## PROVIDED DATA
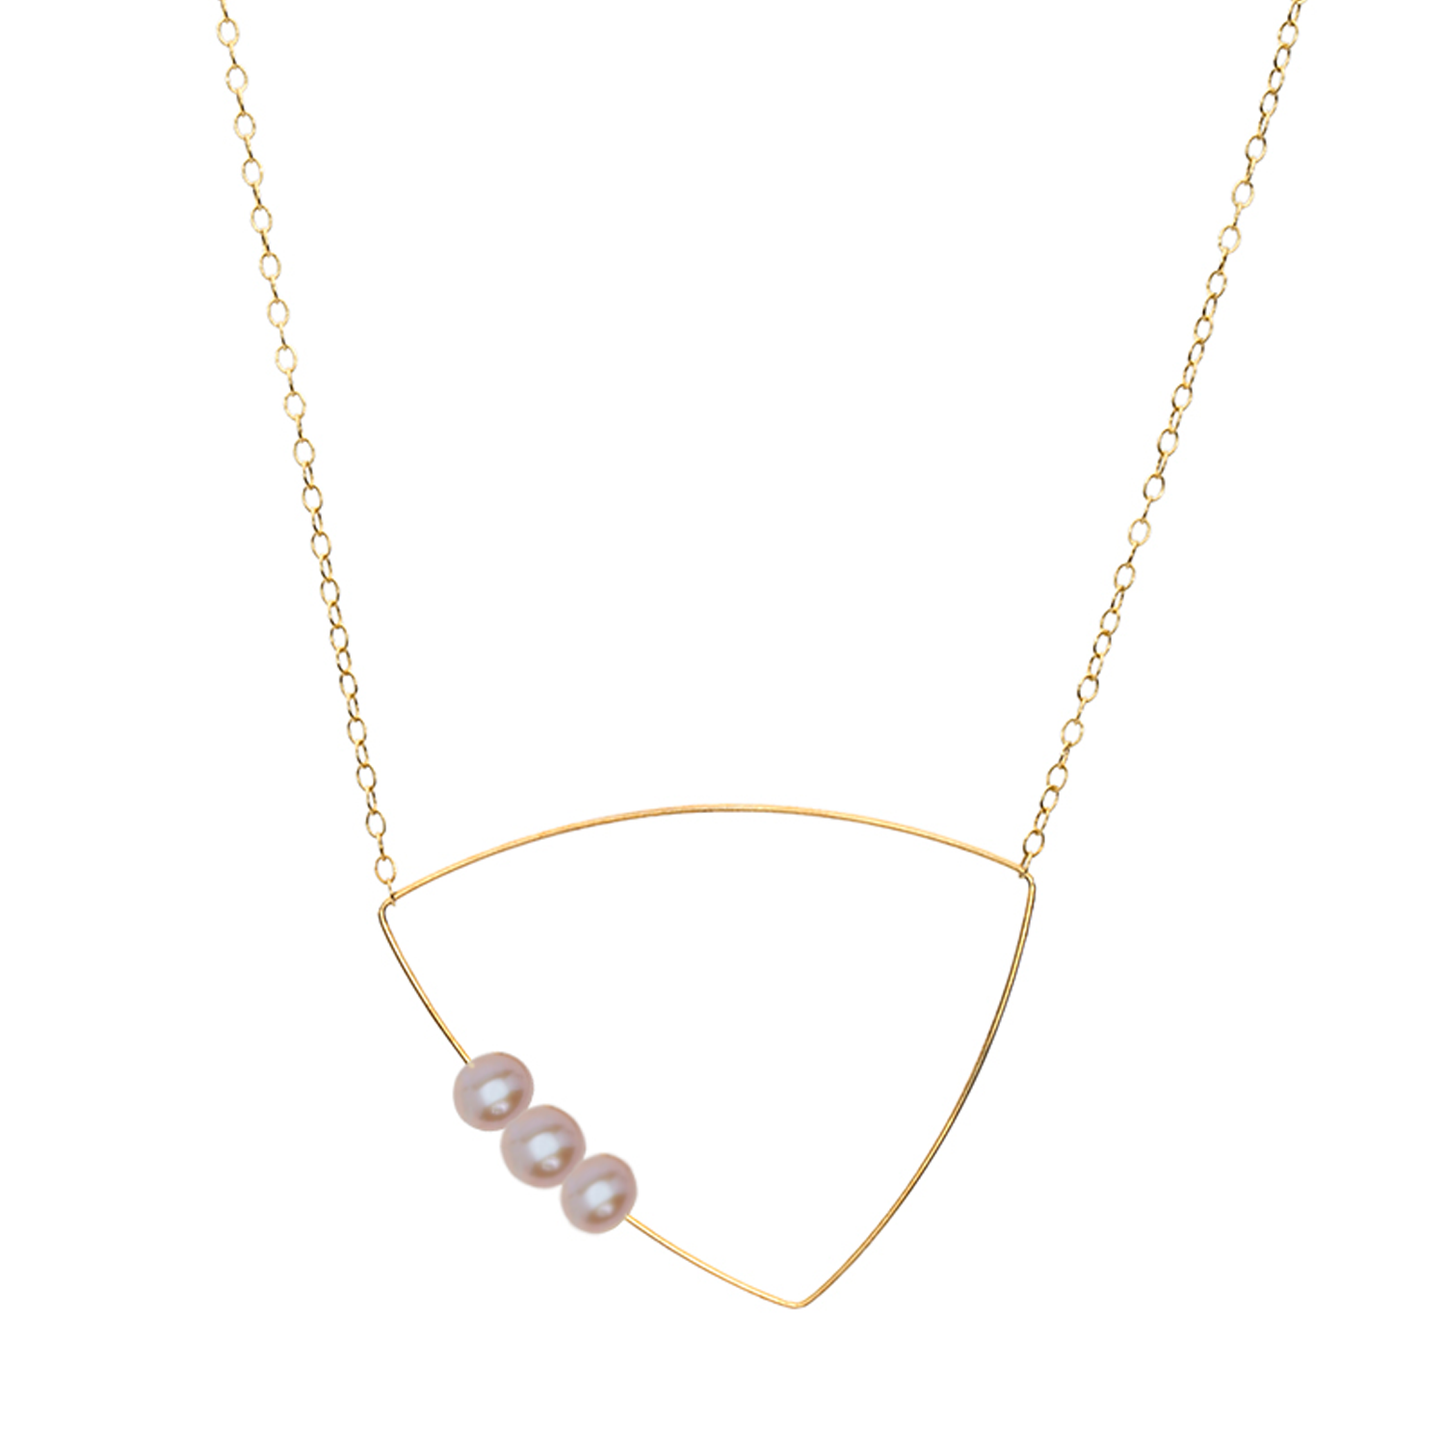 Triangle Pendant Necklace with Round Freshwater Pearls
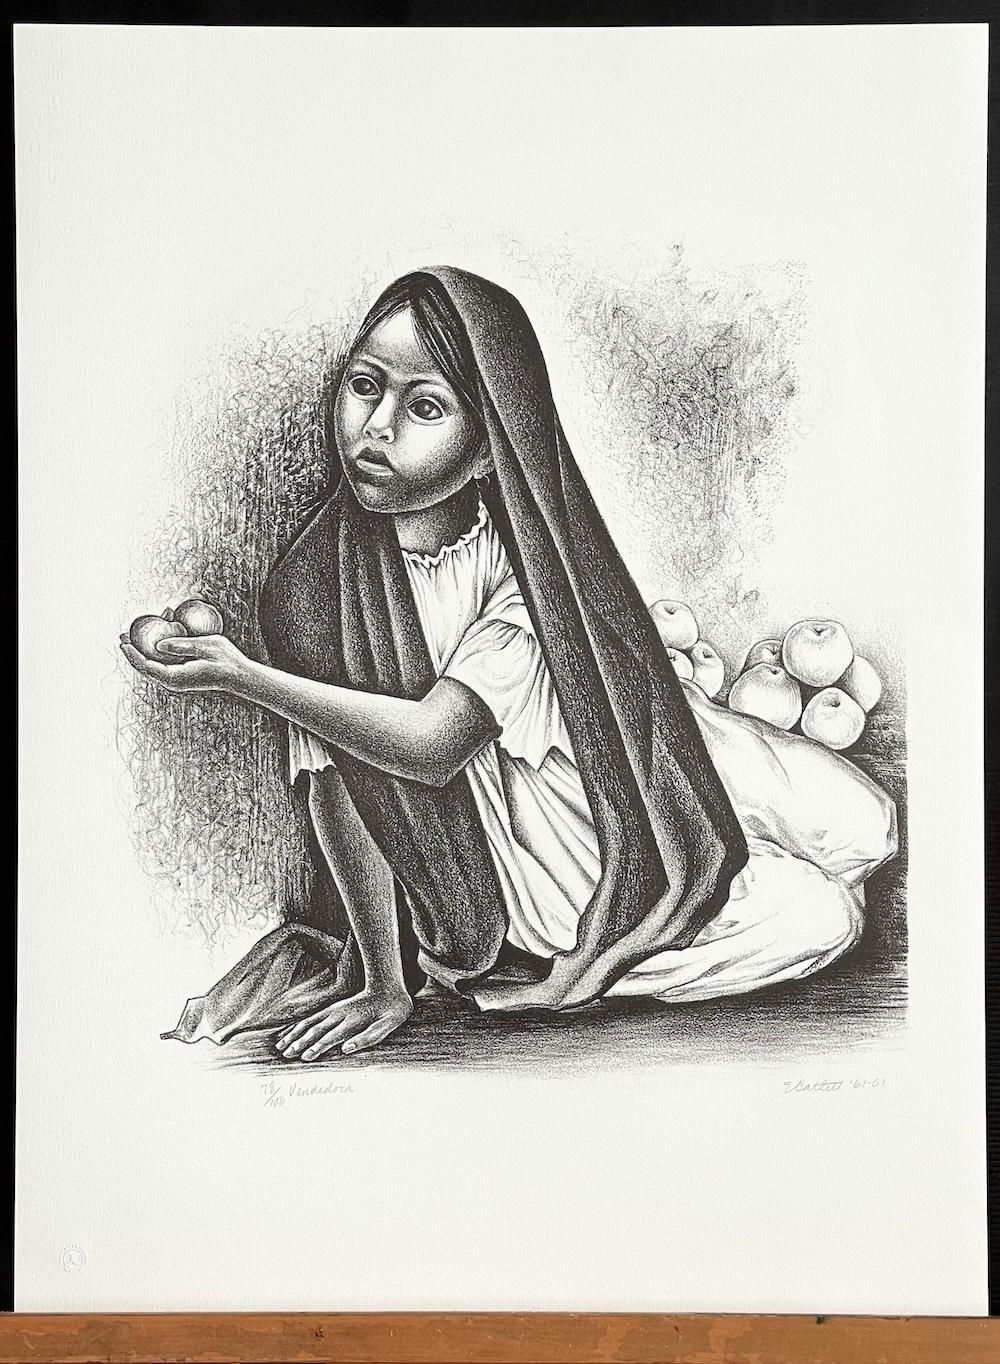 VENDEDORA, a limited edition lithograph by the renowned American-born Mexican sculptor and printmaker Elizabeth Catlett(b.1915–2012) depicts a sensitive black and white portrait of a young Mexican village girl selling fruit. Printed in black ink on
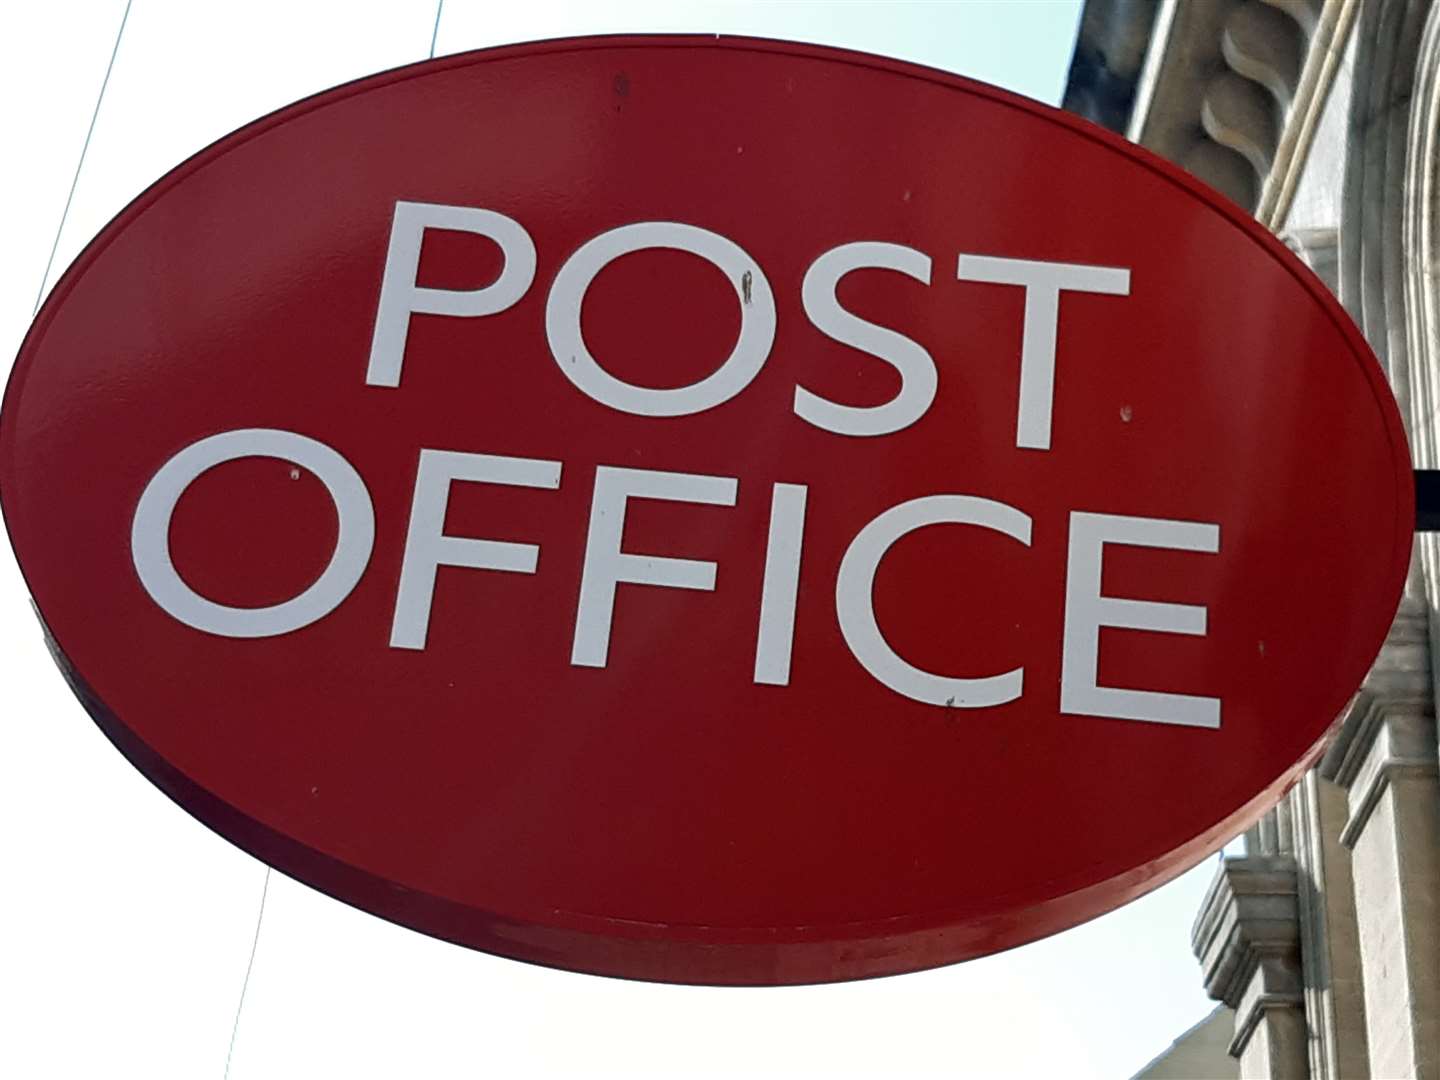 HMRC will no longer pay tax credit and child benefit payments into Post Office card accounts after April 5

## DIRECTIONS
This exercise asks for the data above to be given again exactly, without pictures.

## RESPONSE AREA
 Triangle Pendant Necklace with Round Freshwater Pearls
 VENDEDORA, a limited edition lithograph by the renowned American-born Mexican sculptor and printmaker Elizabeth Catlett(b.1915–2012) depicts a sensitive black and white portrait of a young Mexican village girl selling fruit. Printed in black ink on
 HMRC will no longer pay tax credit and child benefit payments into Post Office card accounts after April 5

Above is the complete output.